Dünya Sağlık Örgütü, 2030 yılından sonraki 20 yılda iklim değişikliği kaynaklı ek 5 milyon ölüm öngörmektedir. İklim değişikliğinin sağlığa etkileri mevsimsel olarak değişim göstermektedir. İklim değişikliğinin insanlar üzerindeki en yıkıcı etkileri, sıkça ve şiddetli şekillerde yaşanmaya başlayan aşırı hava olayları sonucunda meydana gelmektedir. İklim değişikliği insan sağlığına sadece doğrudan etkilerle (sıcaklıkların artması, aşırı hava olayları gibi) değil, dolaylı etkilerle de (kitlesel göç ve çıkan çatışmalar sonucu yaralanmalar, besin kaynaklarına ulaşamama sonucu ortaya çıkacak hastalıklar gibi) zarar vermektedir.
İnsan vücudu sıcaklığa adapte olabilmektedir. Ancak ani değişen ve belli bir değeri aşan sıcaklıklara maruz kalan insan vücudunun termoregülasyon sistemi bu durumu dengeleyemez, bu durum da küresel bir ölüm ve hastalık mevcudiyetini göstermektedir. Sıcak havalarda ortaya çıkan rahatsızlıklar sıcaklık ve havadaki neme bağlı olmaktadır. 1°C’lik sıcaklık artışı sonucu 65 yaş üstü hastaların ölümlerinde yüzde 1-2 artış olduğu bildirilmiştir. Kentsel alanların kırsal alanlardan daha sıcak olma ihtimali olduğu için, iklim değişikliğinden ve yol açtığı sağlık sorunlarından kentsel alanlarda yaşayanlar daha fazla etkilenmektedir.
İklim değişikliği sonucu ölümle sonuçlanan sıcak ve soğukla ilgili hastalıklar; kalp- damar hastalıkları, beyin-damar hastalıkları, solunum sistemi hastalıkları, hipotermi ve travmadır. Sıcak hava ile ilişkilendirilen sağlık sorunları; su kaybı, ısı krampı, sıcaklık çarpması, ishal, baş ağrısı, alerjik hastalıklar, astım, saldırgan davranışlar, bağışıklık sistemi bozuklukları, stres, akut böbrek yetmezliği, ısı yorgunluğu, diyabetik alevlenme, zihinsel hastalıklar, solunum yolu hastalıkları, kalp ve damar yolu hastalıkları, kolesterol seviyesinde artış olarak sıralanabilir. Soğuk havadan kaynaklanan sağlık sorunları; kazalar, düşmeye bağlı yaralanmalar, hipotermi, kalp-damar hastalıkları, solunum problemleridir.

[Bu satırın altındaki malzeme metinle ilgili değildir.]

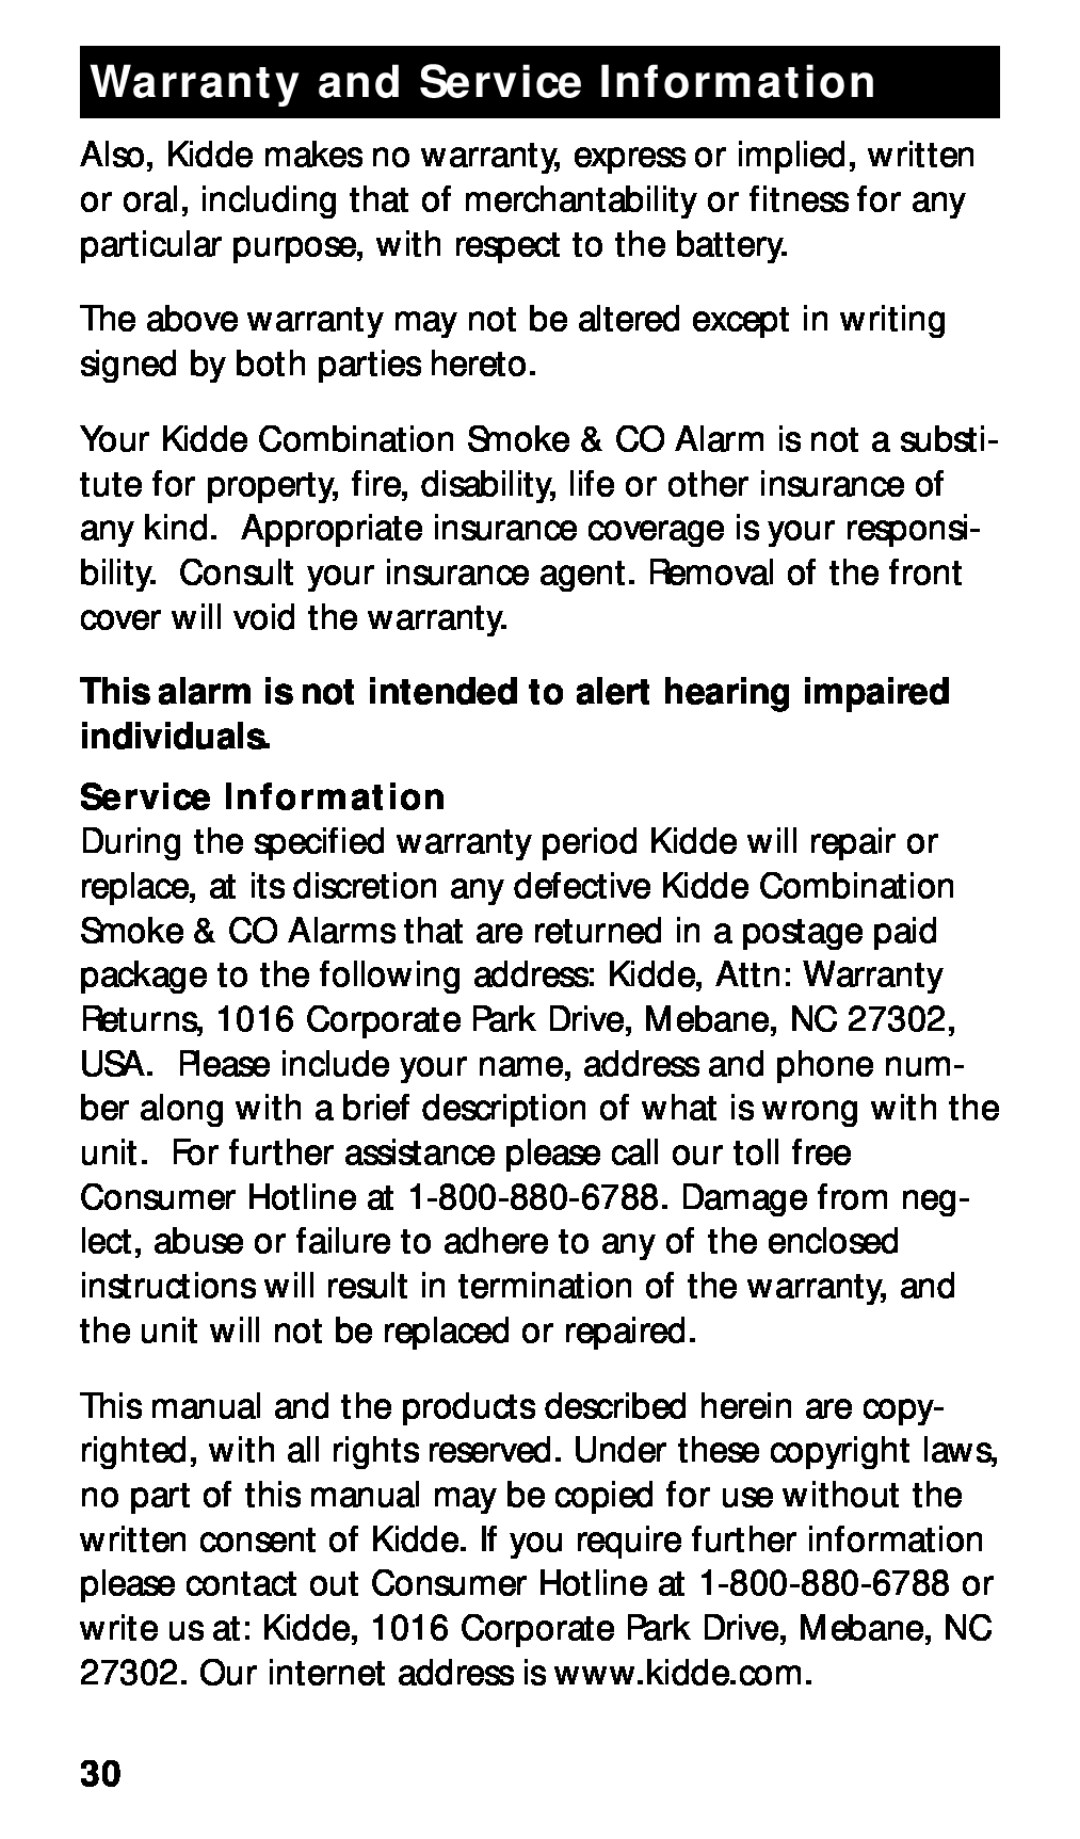 Kidde KN-COSMXTR-B manual This alarm is not intended to alert hearing impaired individuals, Service Information 
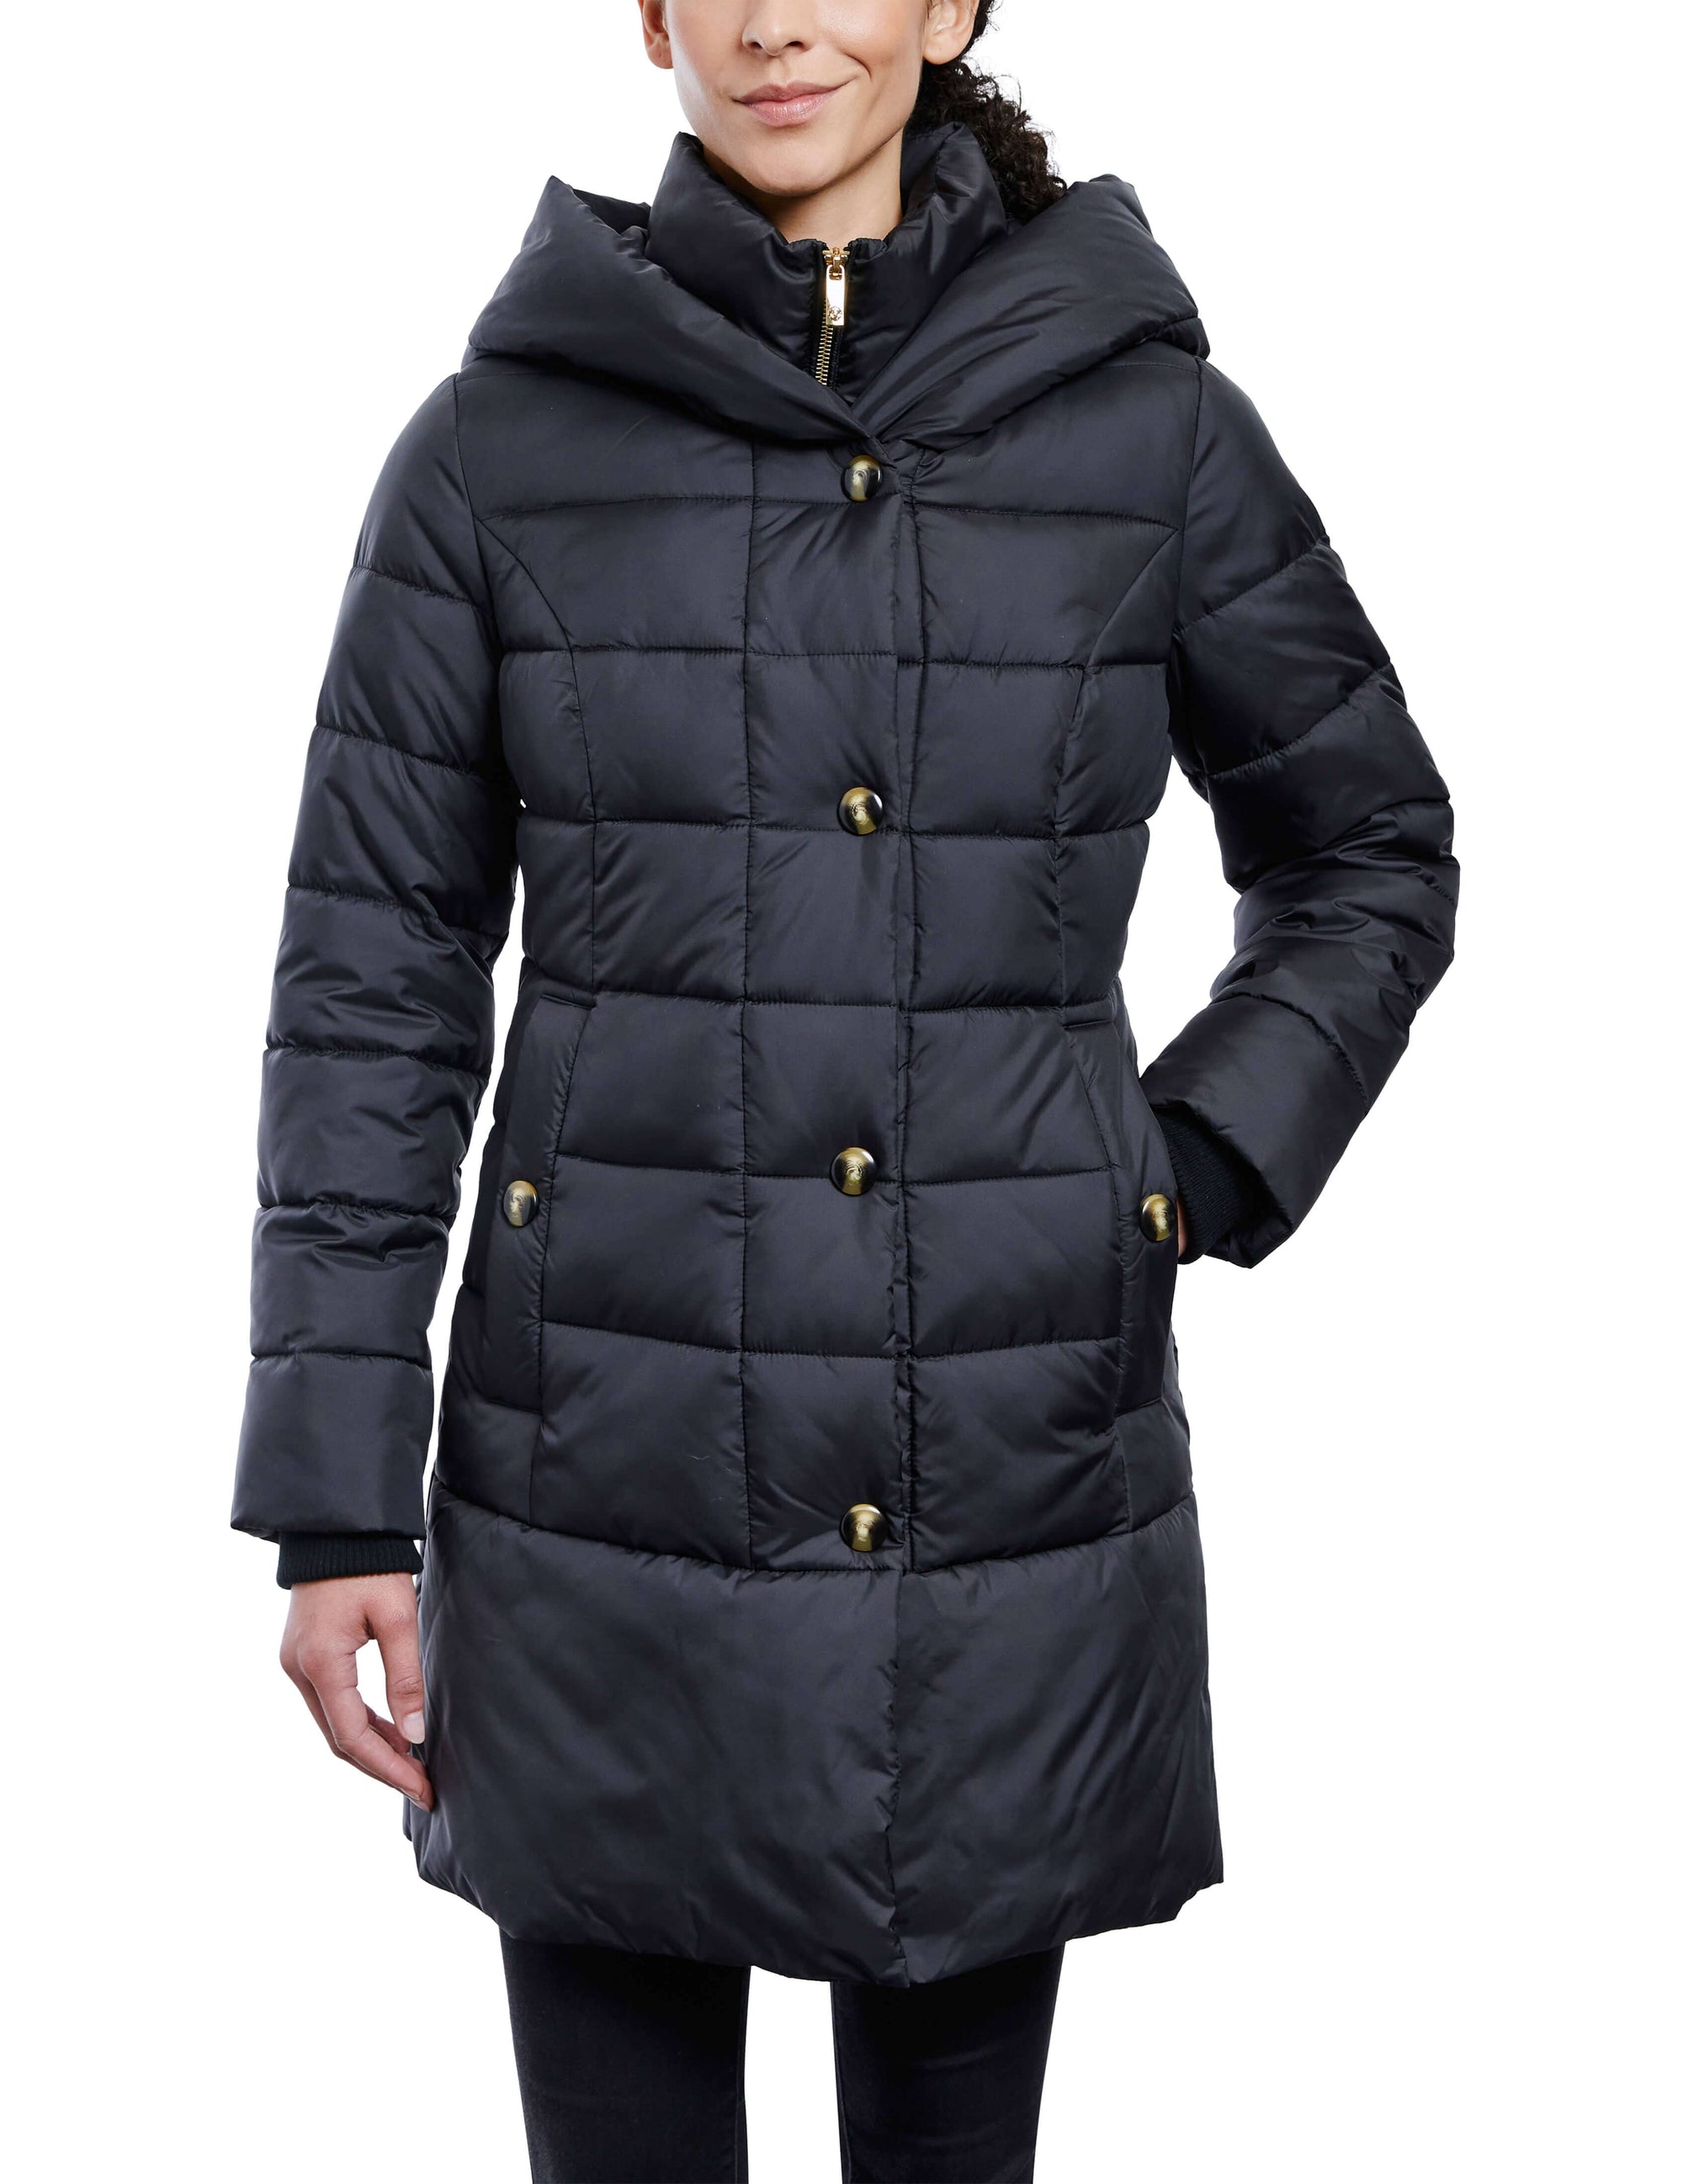 Consider It Snap Front Puffer Jacket

Ozon tabakasındaki incelme nedeniyle güneşten gelen ultraviyole ışınları soğurulmadan yeryüzüne inmektedir. Soğurulmayan UV ışınları özellikle uzun süreli etkilenimde insan sağlığı için tehlike arz etmektedir. İklim değişikliğinin UV radyasyon etkilenimi sebebiyle insan sağlığı üzerinde ortaya çıkabilecek sağlık etkileri; solar retinopati, piterjium, aktinik keratöz, melanom, katarakt, ten rengi farklılığı, körlük, cilt deformasyonu, bağışıklık sistemi hastalıkları, kırışıklık, cilt kanseri, konjonktivit şeklinde sıralanabilmektedir.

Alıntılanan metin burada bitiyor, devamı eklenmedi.